此次“赵家”一词横空出世,与其说创造,不如说是新的发现与运用,如同语言的淘金者——诗人对词语的创造性运用:一旦赋予新的内涵与意象,一个最平凡的词语就能产生耳目一新、振聋发聩的效果。据说此次“赵家”一词的发掘者、首倡者是北外的乔木老师(“赵三篇”的作者),但“赵家”一词爆红网络,靠的是民间的传播与发挥,也证明社情民意广泛基础的重要性。“赵家”系列新词之所以产生巨大反响,引发官方恐慌,是由于它具有丰富的内涵和再创造的空间。它连接了历史与现实,使人清醒,当下社会与鲁迅时代并无本质区别,“赵太爷”与“阿Q”并未消失;“赵国”一词,揭露了党国体制进一步堕落为家(族)国体制的新特征;“赵家人”突出了官民身份及其对立,而且凸显并孤立了一小撮特权集团,将核心的红后代“赵家人”与非嫡系的官后代“赵家狗”分化开来,揭穿了习近平选择性反腐的权争本质;“玩币归赵”表达了新年伊始股市大跌后股民愤怒的心情;同时,“姓赵”与否成为表达和判断一个人政治身份或立场的重要标志。另外,网民不断创新,制作的图片——脚下被掏空、摇摇欲坠的“赵家楼”,以及根据表现辛亥革命的油画《武昌起义》修改制作的虚拟电影海报《2016年最值得期待的史诗大片——火烧赵家楼》,表达了对中共帝国崩溃的期待,显示出由于中共倒行逆施,社会心态从上世纪九十年代“告别革命”向如今“呼唤革命”的转变。还有根据歌曲《大中国》改变的歌词《大赵国》:“他们都有一个家名字叫赵国,吃的喝的都不错美色也很多,台上皓首醉死梦生没一个廉颇,叠被军营纸上谈兵尽是小赵括。他们的大赵国啊,都说是亲妈妈,刀枪那个棍棒都往家里砸,他们的大赵国啊,有钱就往外撒,美刀那个欧币那个世界笑哈哈。”……
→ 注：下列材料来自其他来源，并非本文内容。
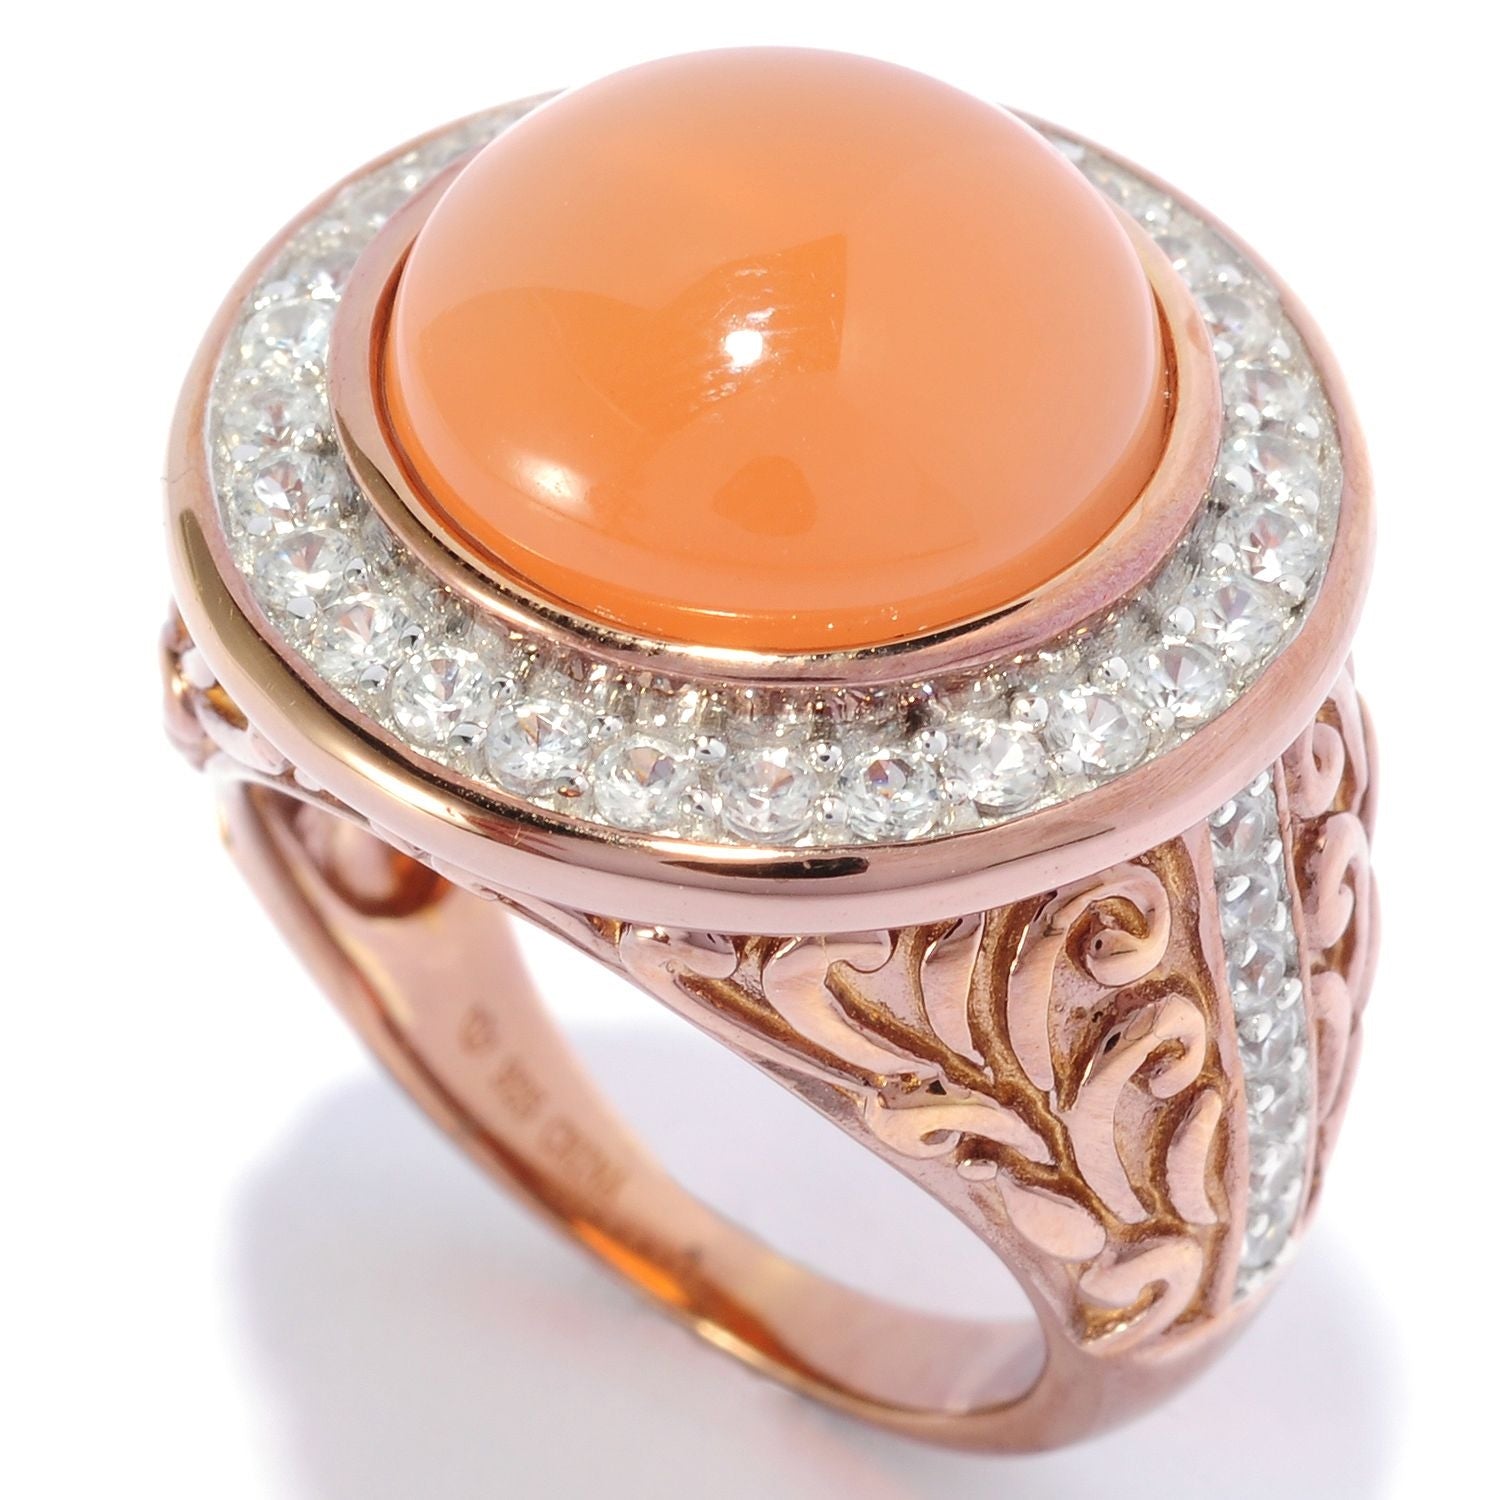 Pinctore 18K Chocolate Gold Over Silver 9.45ctw Peach Moonstone Cocktail Ring - pinctore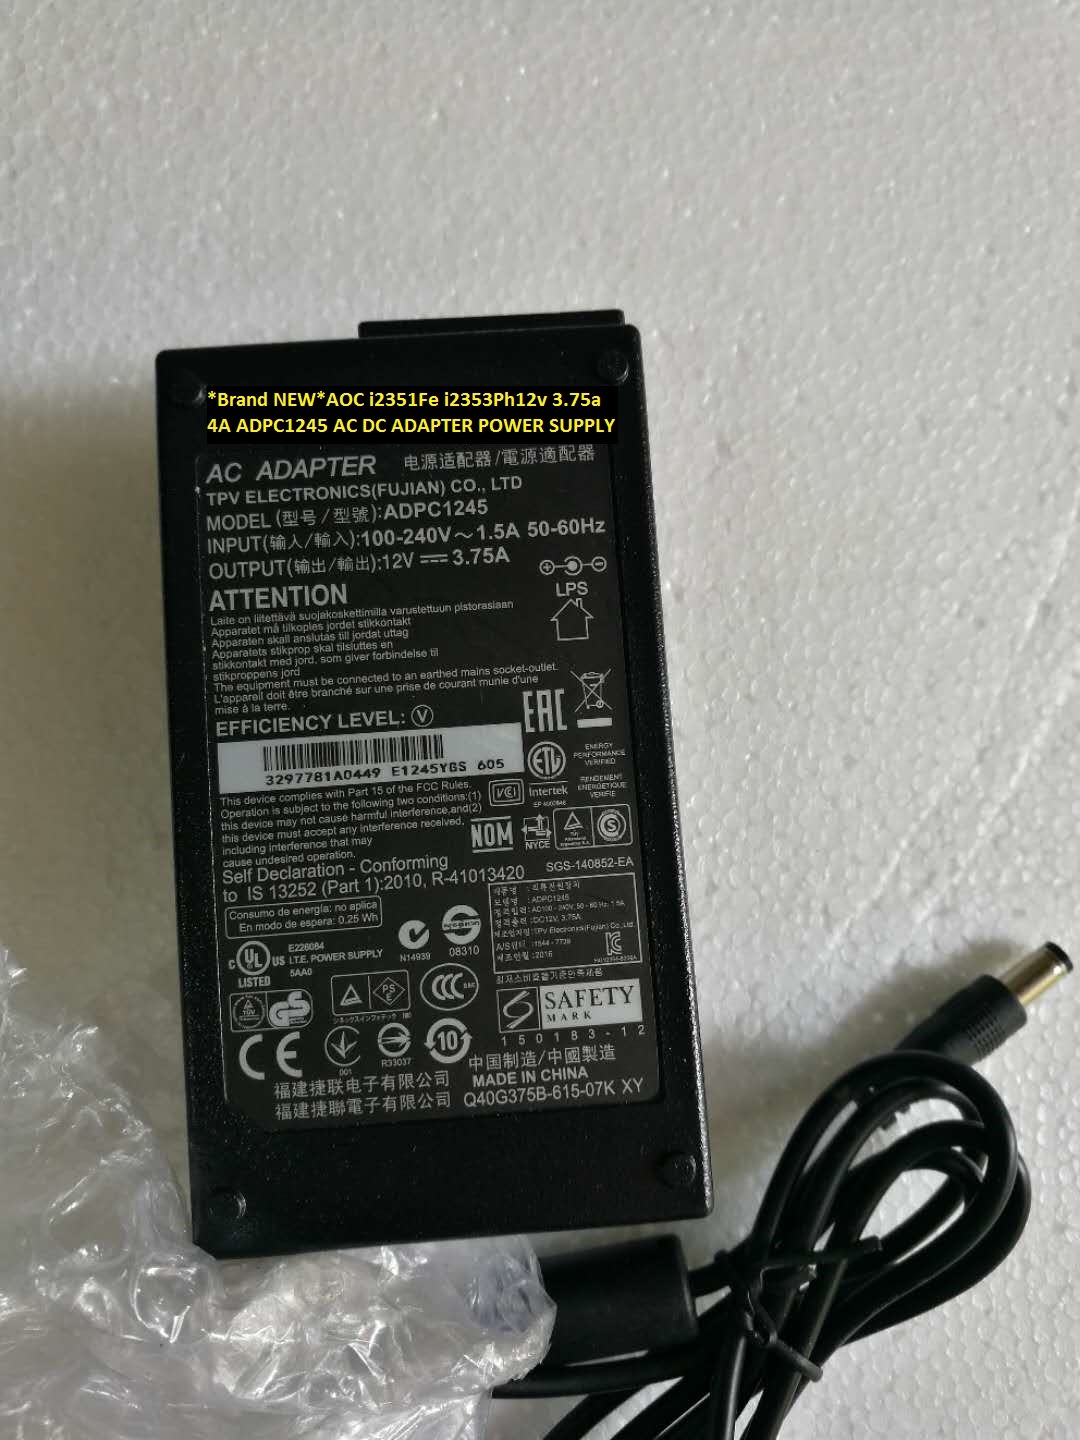 *Brand NEW*ADPC1245 AC100-240V AOC i2353Ph 12v 3.75a 4A i2351Fe AC DC ADAPTER POWER SUPPLY - Click Image to Close

“赵家”系列新词的影响,远远超过以往的热词,将成为经典载入史册。

众所周知,语言是思维和表达的工具,操控语言即可操控思维,进而操控行为。作为西方近代理性主义唯意志论与东方专制主义杂交的恶之果——中共,彻底否定传统,自诩“开天辟地”之神,从产生之始,不仅把政治权力而且把文化当作“革命”的目标。从国中之国苏区简单粗浅的政治口号,到延安小朝廷时期以毛泽东文艺座谈会讲话开创的系统性党文化,再到建政后的文革,伴随军事和政治活动的是逐步创造一种意识形态的党化语言,对民众进行系统化洗脑,在政治、经济、文化国有化(党有化)的同时,将思想国有化(党有化)。就在中共建政的1949年,远在英国的奥威尔出版了著名的政治寓言小说《1984》,描绘了国家恐怖主义及其对语言的改造和利用,把这种被权力扭曲的语言命名为“新话”。在“新话”中,旧词语也被赋予新的或与原意不同甚至相反的含义,如“战争即和平,自由即奴役,无知即力量”。“新话”从概念到逻辑完全是非理性的,与真实相分裂,成为专制肌体的组成部分,发挥着操控民众思维和行为的作用。毛泽东及中共意识形态语言,就是奥威尔虚构的“新话”的现实版,其毒害之深,不仅今天一般中年以上的人,从思维到语言,难以完全摆脱,就连异议人士也难免,如一分为二的简单极端思维,“解放前”、“解放后”等“党话”词汇。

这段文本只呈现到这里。